#### PROBLEM REQUIREMENTS:
The whole listing, pictures aside, should be reproduced exactly.

#### GIVEN MATERIAL:
++++++++++

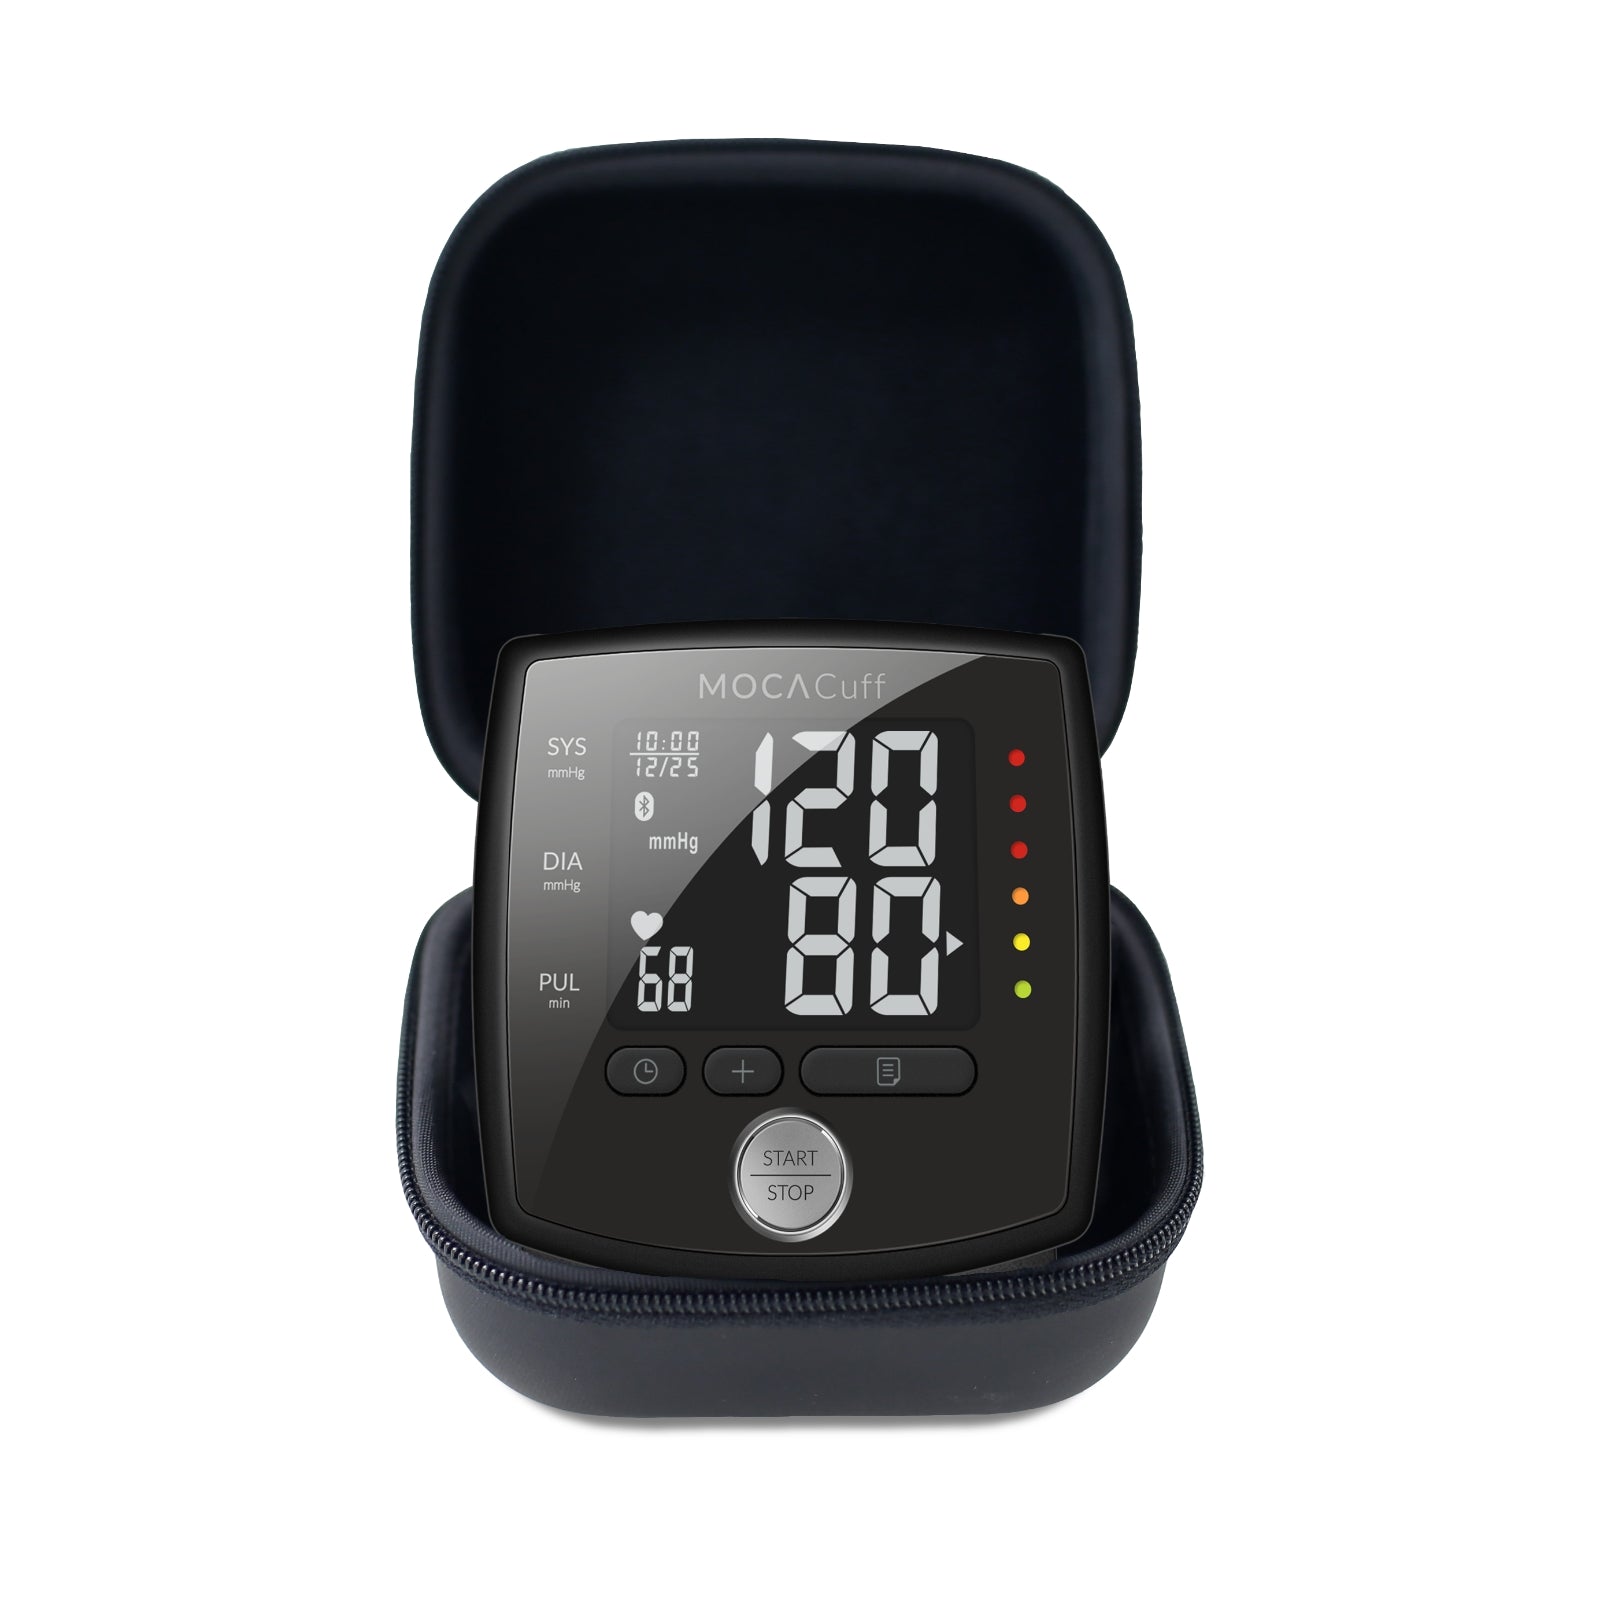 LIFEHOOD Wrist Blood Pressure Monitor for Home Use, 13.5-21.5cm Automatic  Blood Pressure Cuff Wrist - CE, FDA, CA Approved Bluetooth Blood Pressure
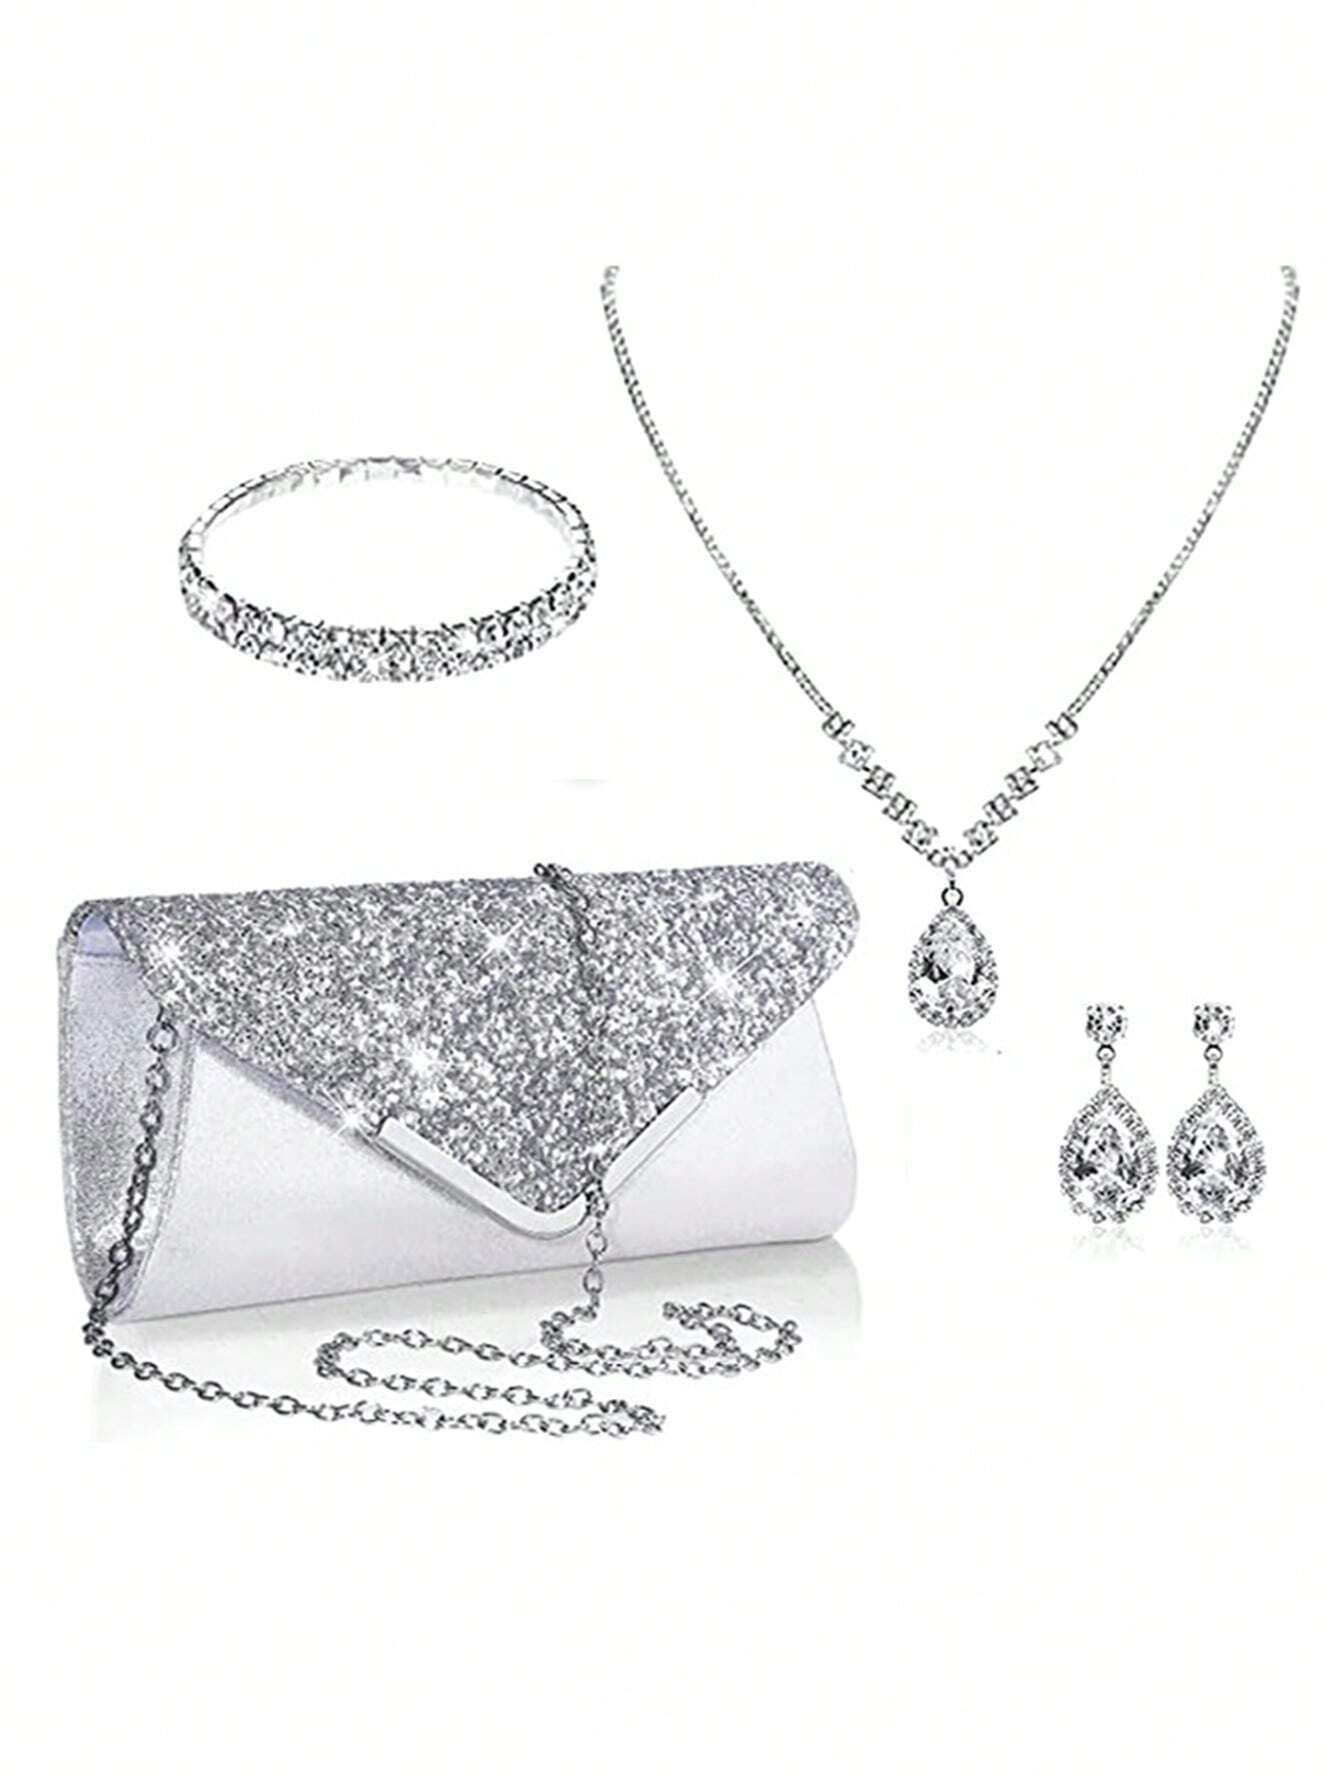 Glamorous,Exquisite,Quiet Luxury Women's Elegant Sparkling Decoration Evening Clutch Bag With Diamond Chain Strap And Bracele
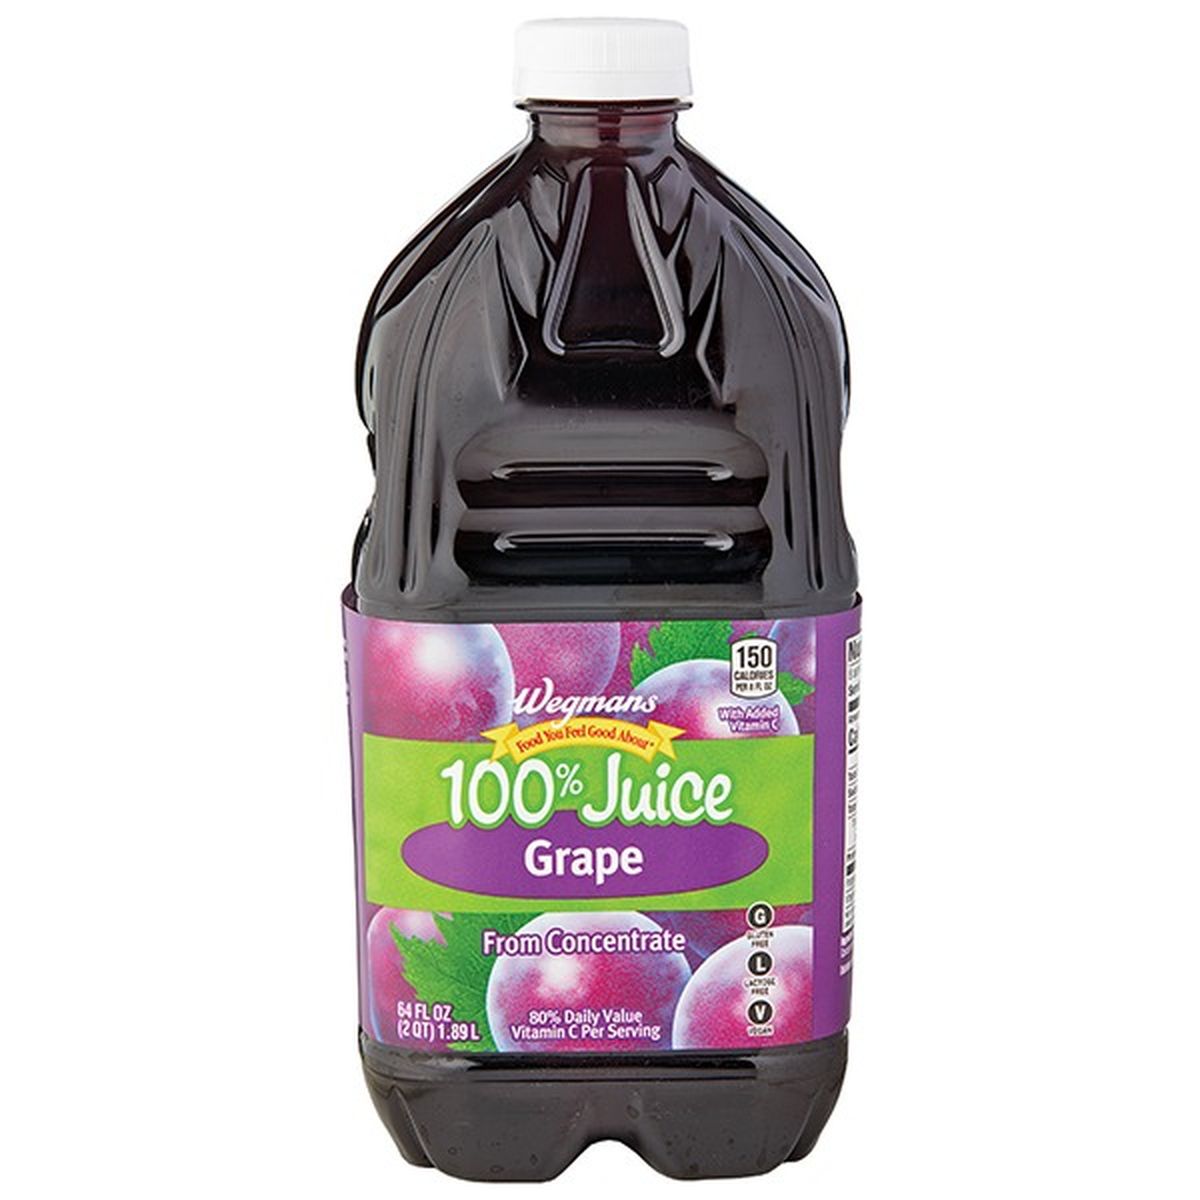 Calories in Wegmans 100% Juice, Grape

++++++++++

#### THE COMPLETED TASK:
 LIFEHOOD Wrist Blood Pressure Monitor for Home Use, 13.5-21.5cm Automatic  Blood Pressure Cuff Wrist - CE, FDA, CA Approved Bluetooth Blood Pressure
 Glamorous,Exquisite,Quiet Luxury Women's Elegant Sparkling Decoration Evening Clutch Bag With Diamond Chain Strap And Bracele
 Calories in Wegmans 100% Juice, Grape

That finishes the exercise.